Christopher Ash (born December 24, 1973) is an American football coach who is the defensive coordinator of the Notre Dame Fighting Irish. He served as the head coach of the Rutgers Scarlet Knights from 2016 to 2019, and defensive coordinator of the Wisconsin Badgers, Arkansas Razorbacks, Ohio State Buckeyes, and Texas Longhorns. He has also previously coached for the Jacksonville Jaguars and Las Vegas Raiders of the National Football League (NFL).

==Early years==
Ash played college football at Drake University as a defensive back on the football team and earned his bachelor's degree. In 2005, Ash received his master's degree from Iowa State University.

==Coaching career==
===Early career===
Ash held assistant coaching positions with the Drake Bulldogs, Princeton Tigers, Iowa State Cyclones, and San Diego State Aztecs, before being hired by the Wisconsin Badgers in 2010.

===Arkansas===
In 2012, Ash joined as the defensive coordinator at the University of Arkansas, following former Badgers head coach Bret Bielema who was hired in the same capacity at Arkansas.

===Ohio State===
In January 2014, Ash was hired as the co-defensive coordinator and secondary coach for the Ohio State Buckeyes.

===Rutgers===
On December 7, 2015, Ash agreed to a 5-year, $11 million-guaranteed contract to become the head coach at Rutgers. He was fired as Rutgers head coach on September 29, 2019, due to poor performance.

===Texas===
Ash spent the rest of the 2019 season as an analyst at the University of Texas at Austin.

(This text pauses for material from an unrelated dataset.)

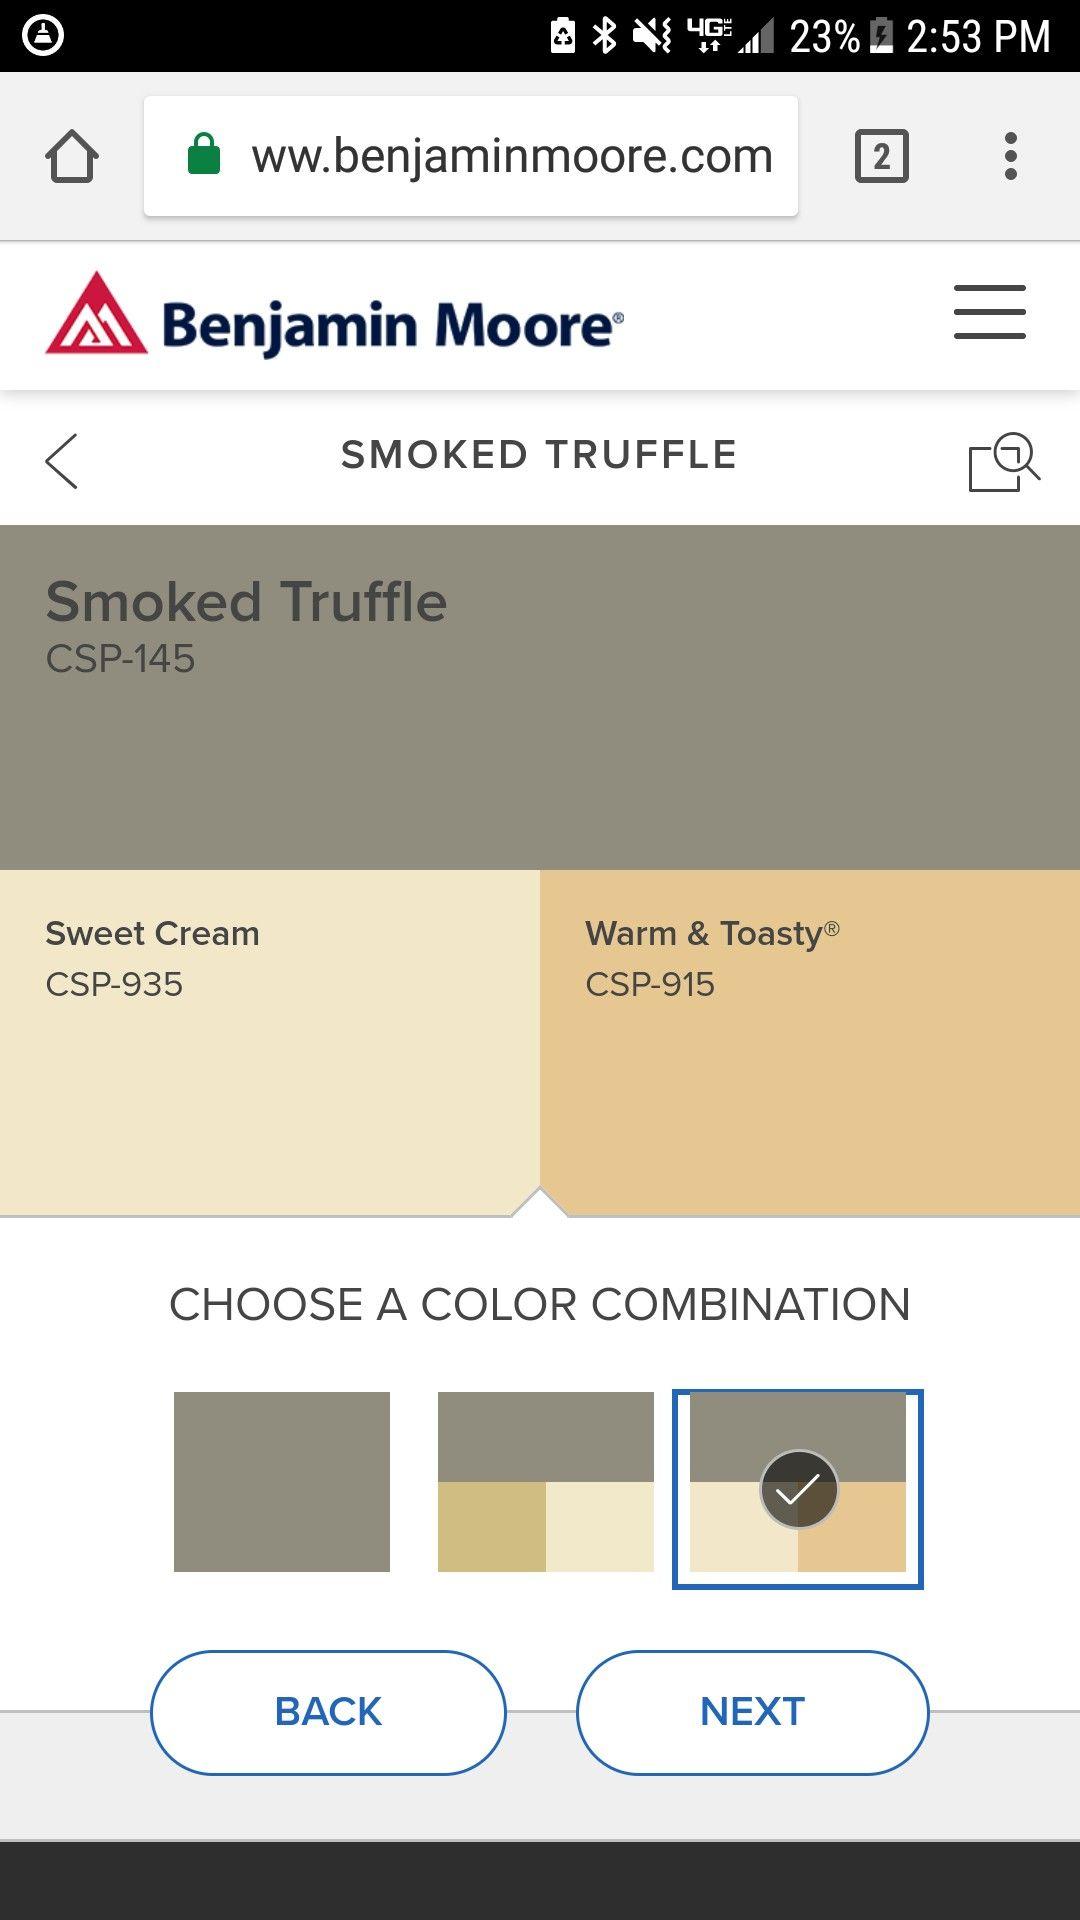 Benjamin Moore Smoked Truffle Benjamin Moore Smoke Truffles Color Schemes

On December 15, 2019, Ash was hired as the defensive coordinator at Texas there he spent the 2020 season.

===Jacksonville Jaguars===
On February 11, 2021, Ash was hired by the Jacksonville Jaguars as their defensive backs and safeties coach under head coach Urban Meyer. Meyer was later fired after Week 14 due to a 2-11 start, allegations of player abuse, and various other problems. Ash was not retained after the conclusion of the season.

===Las Vegas Raiders===
On February 6, 2022, Ash was hired by the Las Vegas Raiders as their defensive backs coach under head coach Josh McDaniels.
On January 20, a day after Pierce was given the head coach job, Ash was not retained by new Las Vegas Raiders coach Antonio Pierce.

===Notre Dame===
After spending a season as an NFL scout for the Jaguars, Ash was hired to take over as defensive coordinator for Notre Dame after the departure of Al Golden.

==Head coaching record==

===College===

^{*} Ash was fired mid-season on September 29, 2019.

| Year | Team | Overall | Conference | Standing | Bowl/playoffs |
Rutgers Scarlet Knights (Big Ten Conference) (2016–2019)
| 2016 | Rutgers | 2–10 | 0–9 | 7th (East) |  |
| 2017 | Rutgers | 4–8 | 3–6 | 5th (East) |  |
| 2018 | Rutgers | 1–11 | 0–9 | 7th (East) |  |
| 2019 | Rutgers | 1–3* | 0–2 | (East) |  |
| Rutgers: |  | 8–32 | 3–26 |  |  |  |  |  |
| Total: |  | 8–32 |  |  |  |  |  |  |  |

==Personal life==
A native of Ottumwa, Iowa, Ash is married to his wife, Doreen. They have four children: Tanner, Jacey, Brady and Alexis.